A stack in memory can grow up or down, and a stack implemented as a file can only grow up. Only at the end of the file can we add data, or vice versa, delete them from there. If we now go back to memory operations and consider stacks growing in different directions, then it is clear that in the stack growing up, the data are arranged in direct order relative to the sequence of putting them on the stack, and in the stack growing down in the reverse order . So, if we want to implement Gap Buffer in the form of two stacks growing up - we will have to change the order of the elements in the second stack, which stores the text after the cursor. Therefore, the temporary file that contains the data after the cursor should contain them in the reverse order, backwards.
In temporary files, we will not store the entire contents of the stacks, but only their lower part. The upper part will be located in memory, forming a “local” Gap Buffer and allowing the user, as before, to quickly edit the text and navigate through it within certain limits. When moving the cursor through the text outside the area loaded into memory, its part farthest from the cursor will be saved to one of the temporary files, and the other part will be loaded from the other.
When you finish editing the text, we simply move the cursor to its end. All the text falls into the first stack, growing up, that is, the first temporary file. In memory, perhaps, there is still a piece of text - we simply add it to the file. After this, the first temporary file contains the saved text.

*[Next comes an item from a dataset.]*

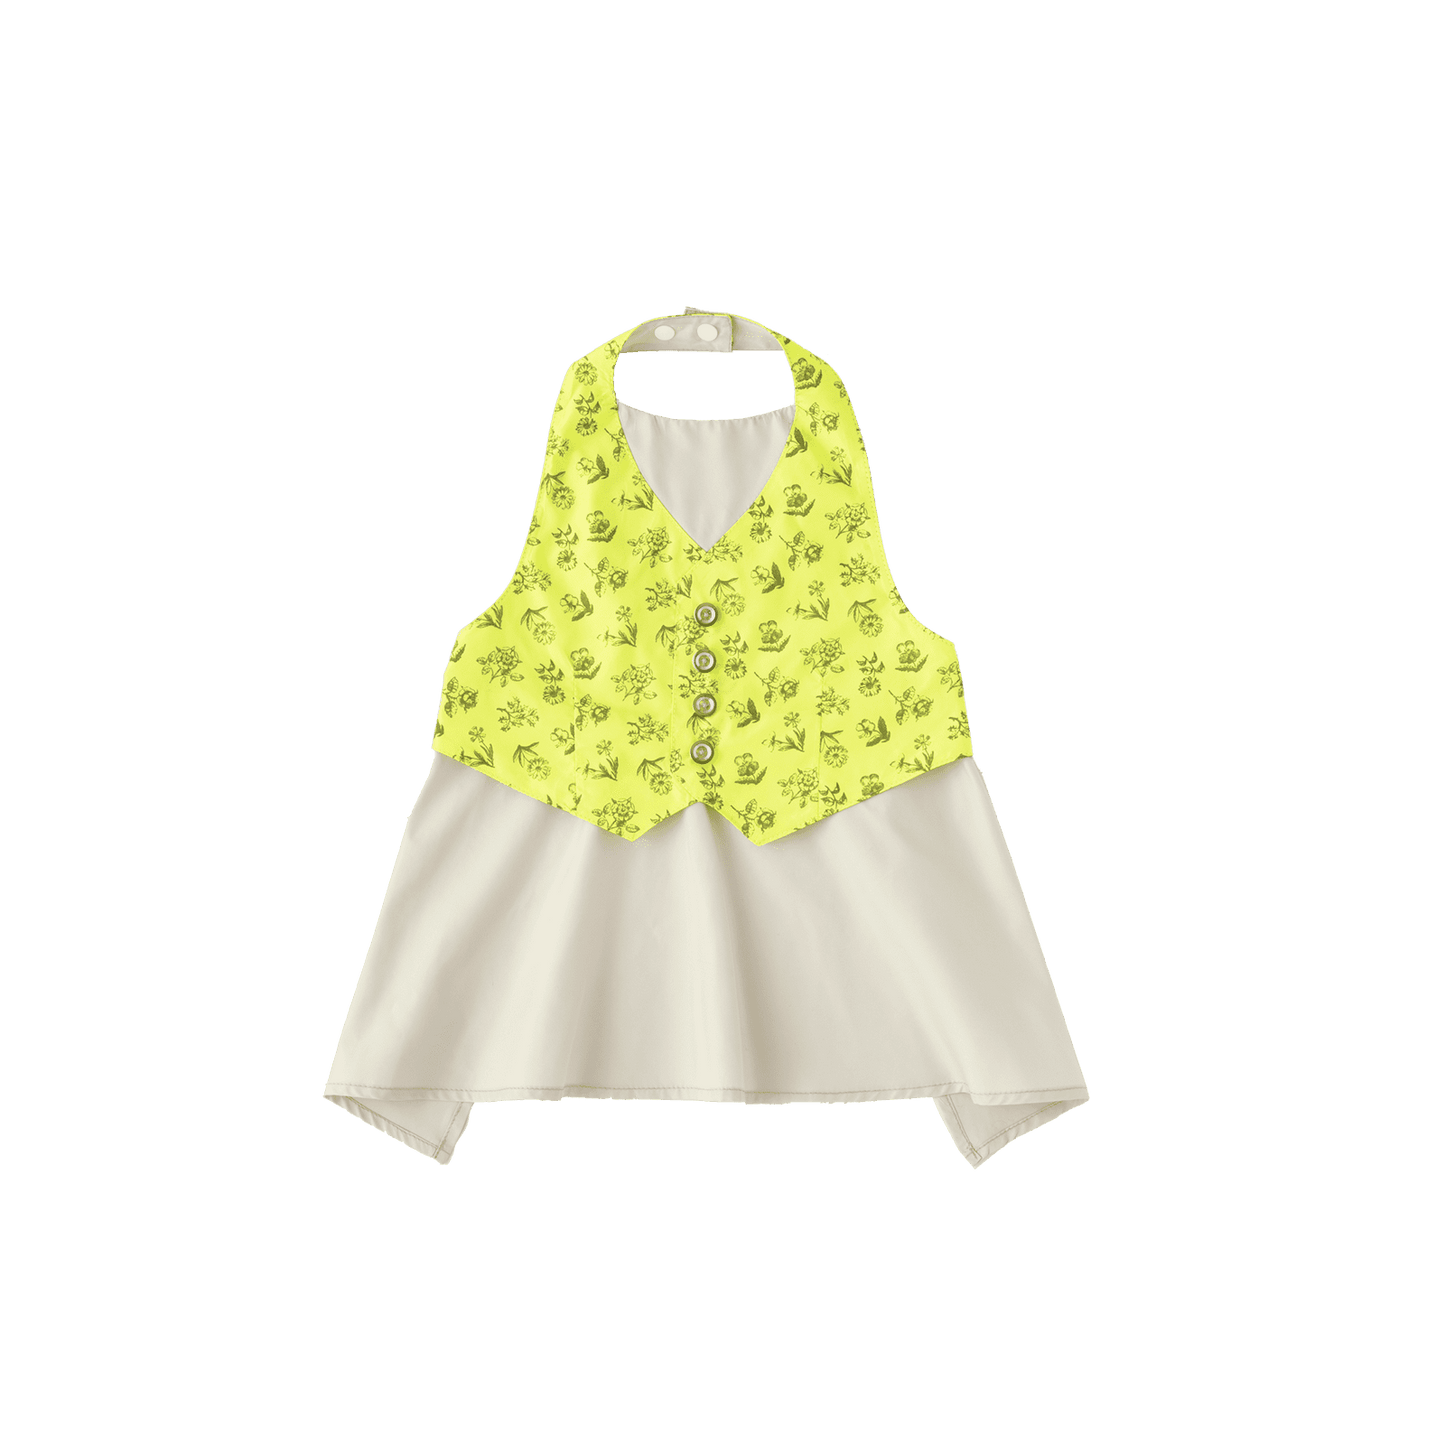 Size 80-90: garcon 5 yellow flower

You can implement a few more optimizations. When opening a file, for example, the cursor is usually at its beginning. Therefore, all the text should be located in the second stack, that is, we should copy almost all the original contents of the edited file into the second temporary file backwards. This is a lengthy operation. It can be avoided if you postpone the creation of a second temporary file until it becomes necessary. That is, as long as the contents of the tail of the source file completely coincides with the contents of the second stack. During this period, instead of using the second temporary file, we can load information from the source file. To create a second temporary file, thus, you must first move the cursor over the text a distance greater than the size of free RAM, then edit something there, and then go back to the beginning of the text.

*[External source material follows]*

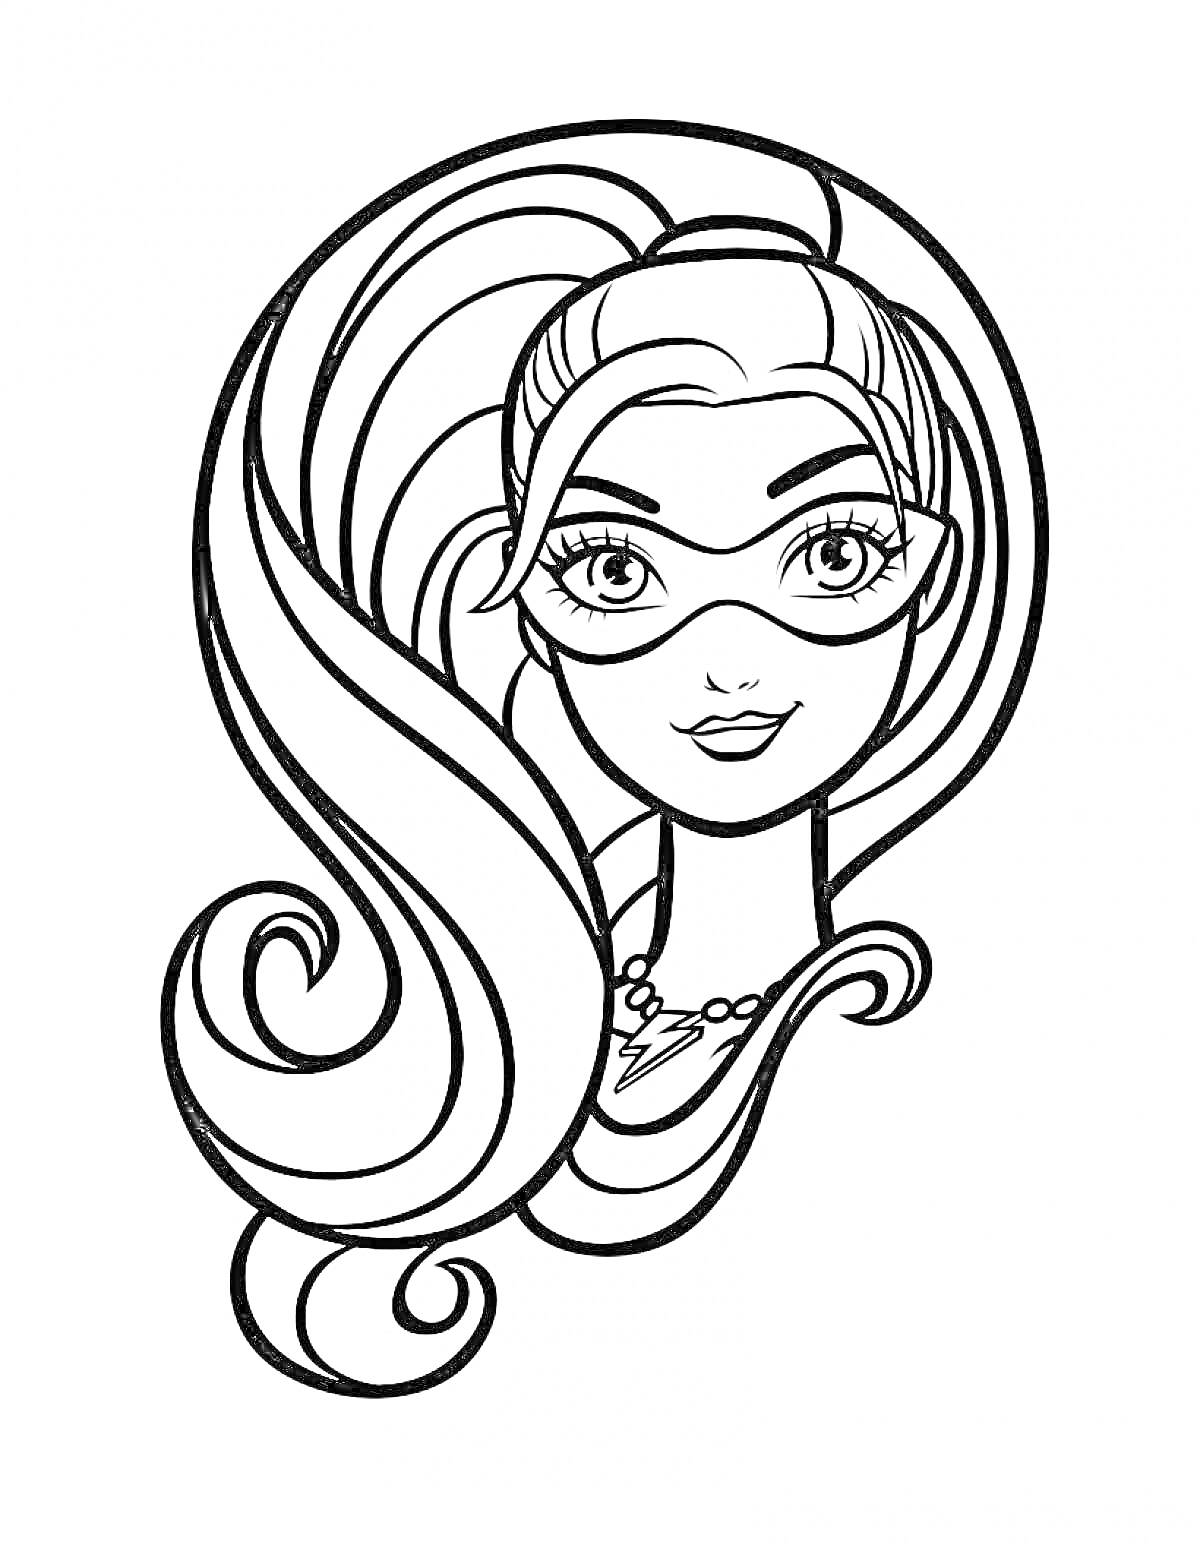 Раскраска Барби Супер Принцесса, портрет с длинными волосами, в маске и ожерелье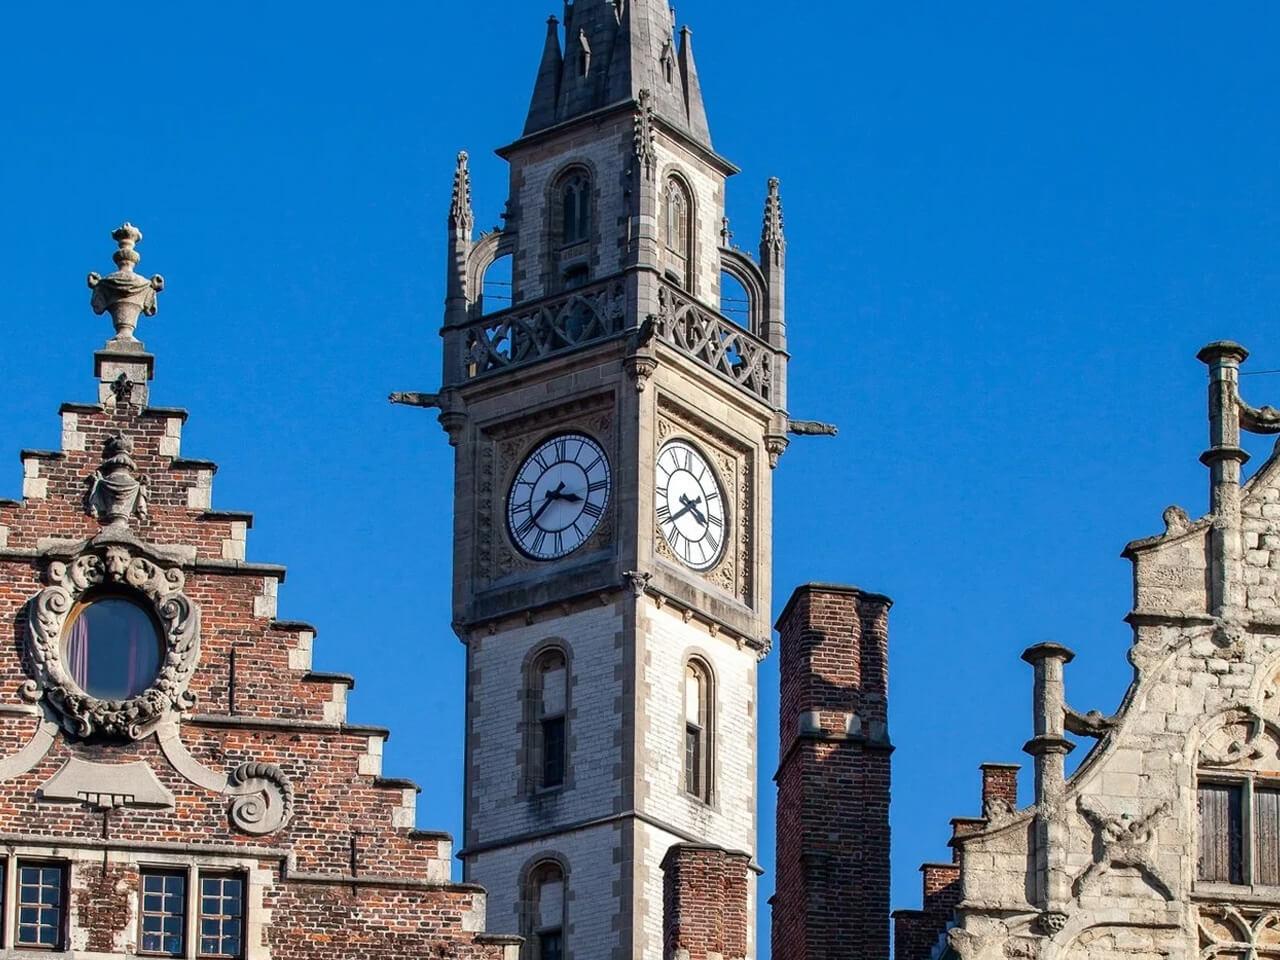 教会の時計塔

The same optimization can be implemented for the first temporary file. Do not create it until it becomes necessary. And it will appear no earlier than the contents of the part of the first stack located on the disk will no longer coincide with the initial part of the source file. You can also use the “shadow write cursor” and thus avoid unnecessary copying operations when moving the cursor through text without editing. Then, if the user moves the cursor far across the text without editing, the speed will be no worse than that of a simple text viewer without fully loading it into memory.

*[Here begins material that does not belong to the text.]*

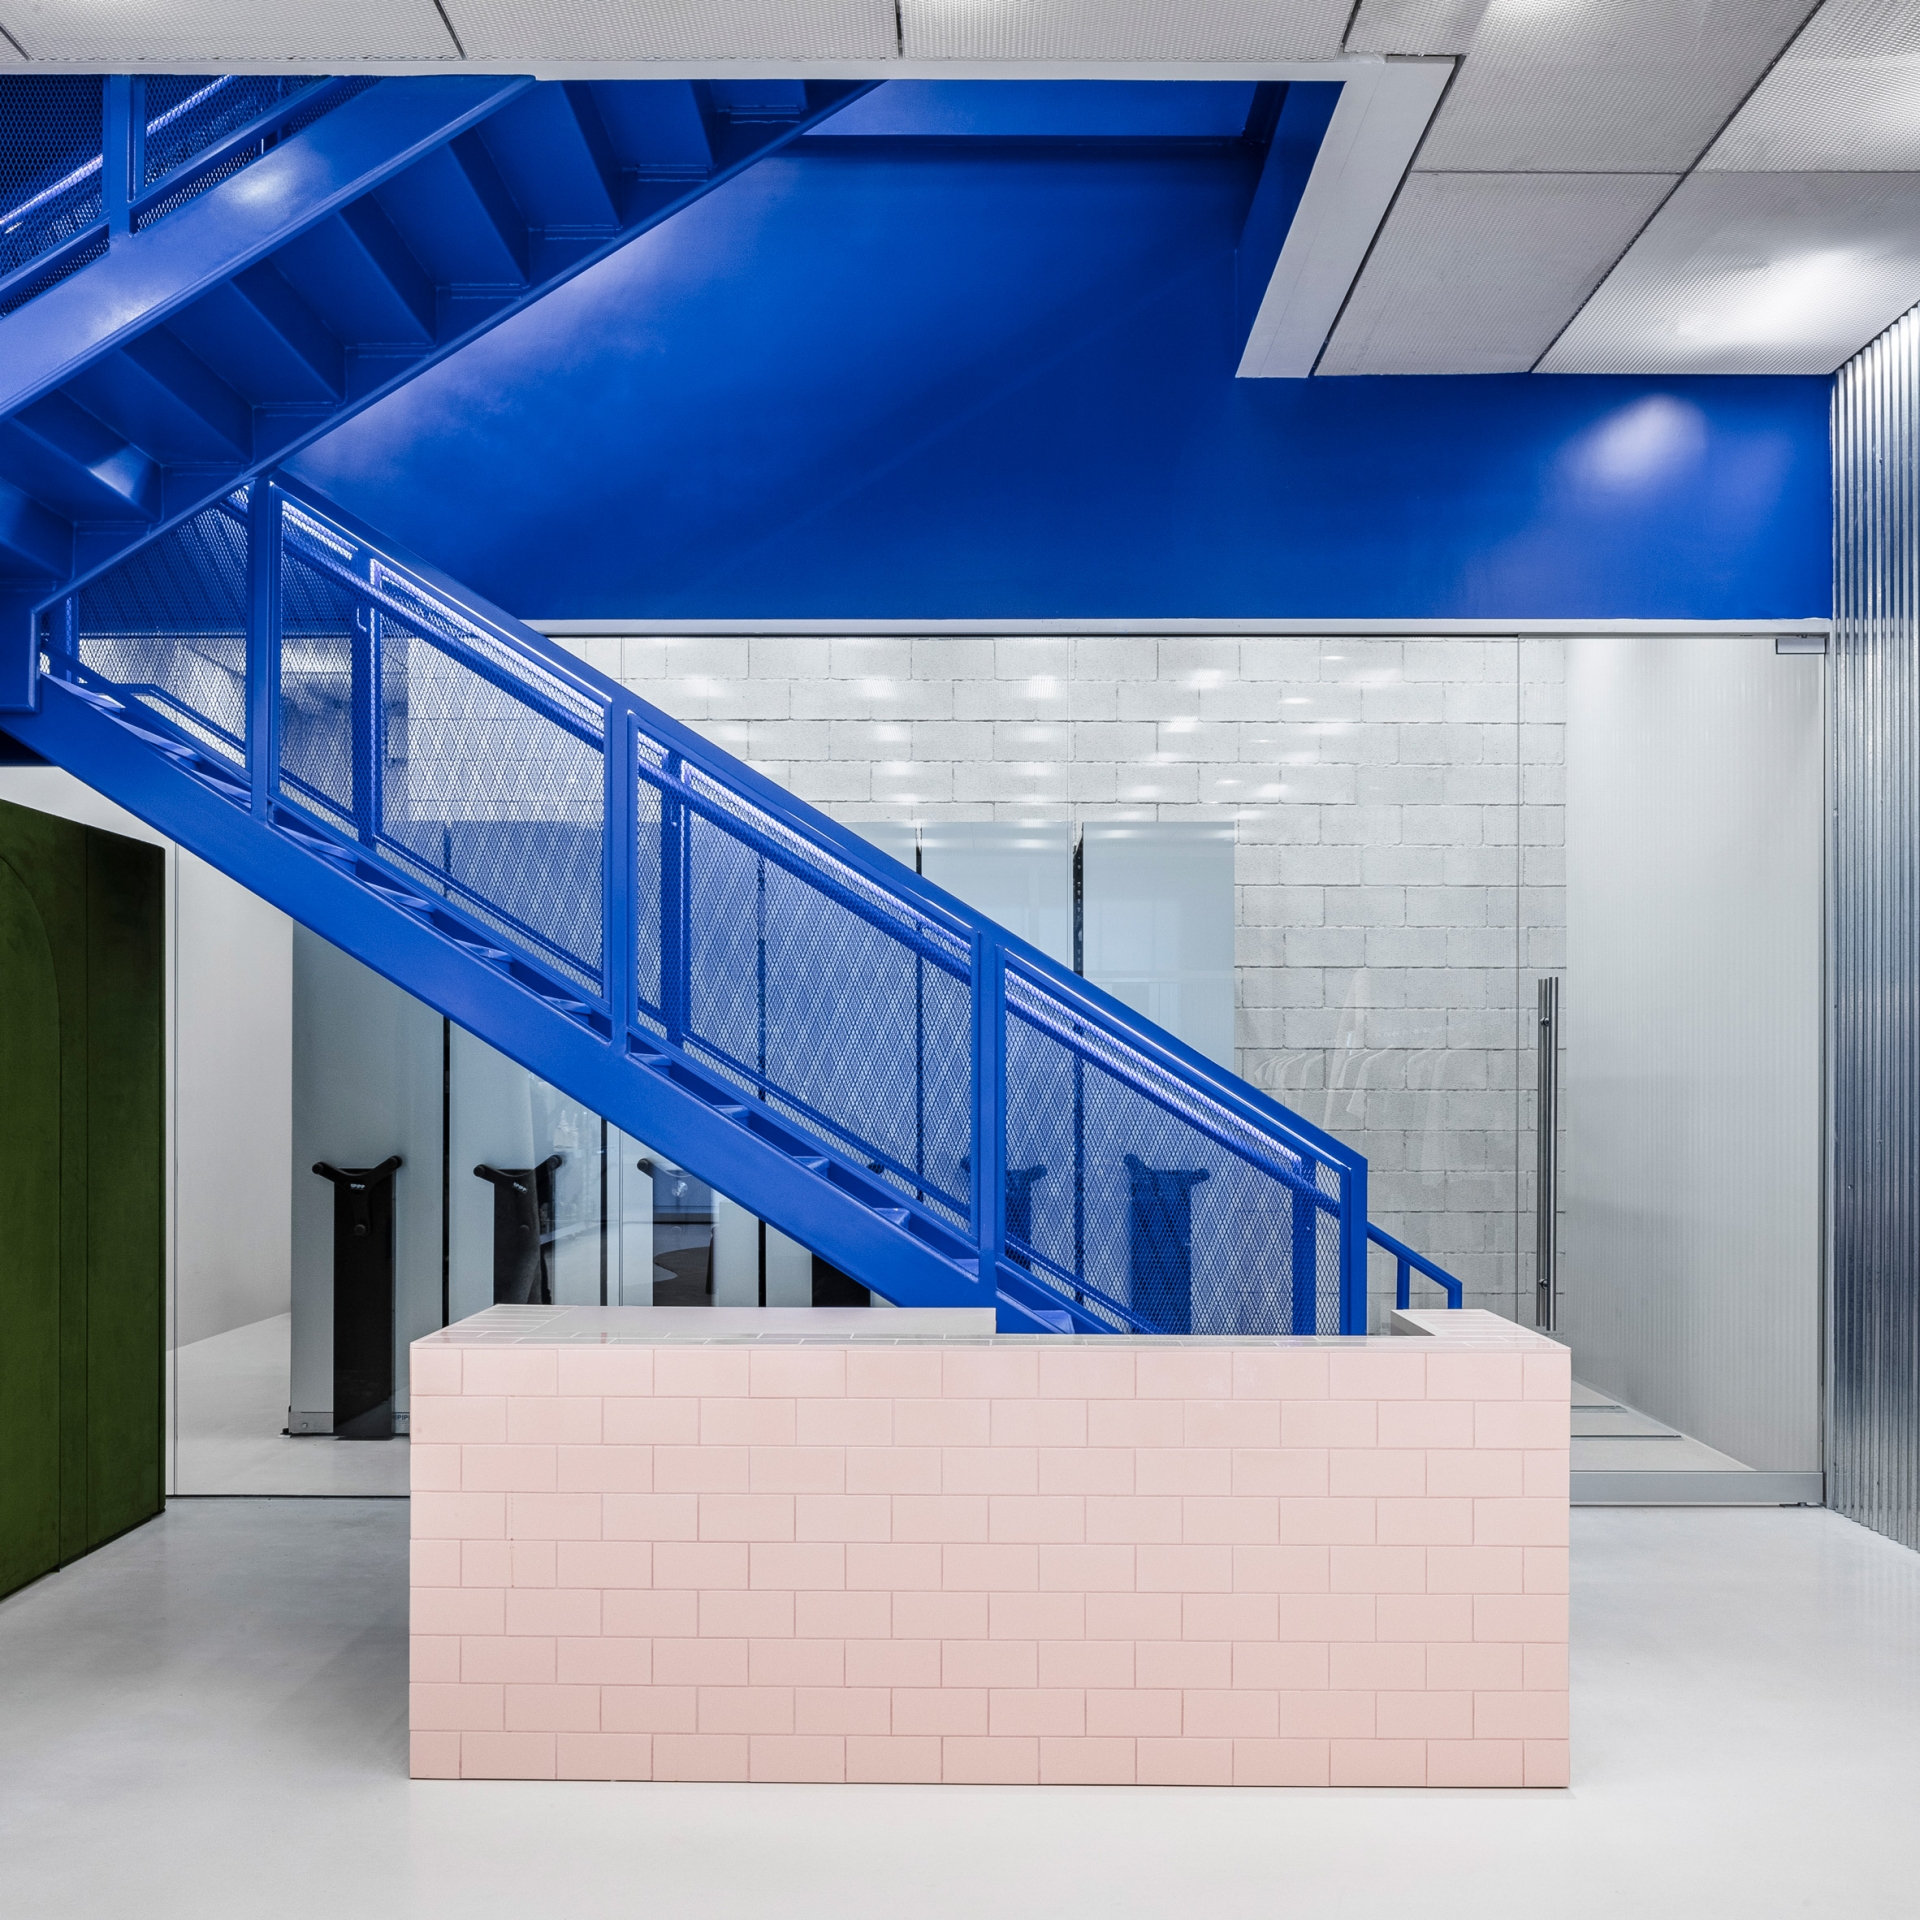 Nhà thiết kế thời trang Virgil Abloh đã thiết kế cửa hàng Off-White Flagship của mình ở Miami (Hoa Kỳ) với điểm nhấn là chiếc cầu thang màu xanh coban siêu nổi bật giữa phông nền màu trắng và khu vực quầy màu hồng pastel.

Text editing implemented by the described method without its full loading into memory thus has a moderate overhead in disk space: temporary files require space equal to the size of the text.
Interestingly, even if a large text in principle climbs into RAM, using an editor that does not load it entirely, such a document will open faster. Again, increased user convenience.
Conclusion
This is not the first time that I have come across the fact that some technologies developed for old computers with limited capabilities are forgotten in our time, which leads to the spread of inefficient solutions. I hope that the “secret knowledge of ancestors” described in this article will help the birth of good text editors.
Thanks
I first learned about the described data structure from an
ESL user in a thread on the
zx.pk.ru forum. There was also discussed the organization of memory for a text editor with reference to a computer with limited resources, such as the ZX Spectrum.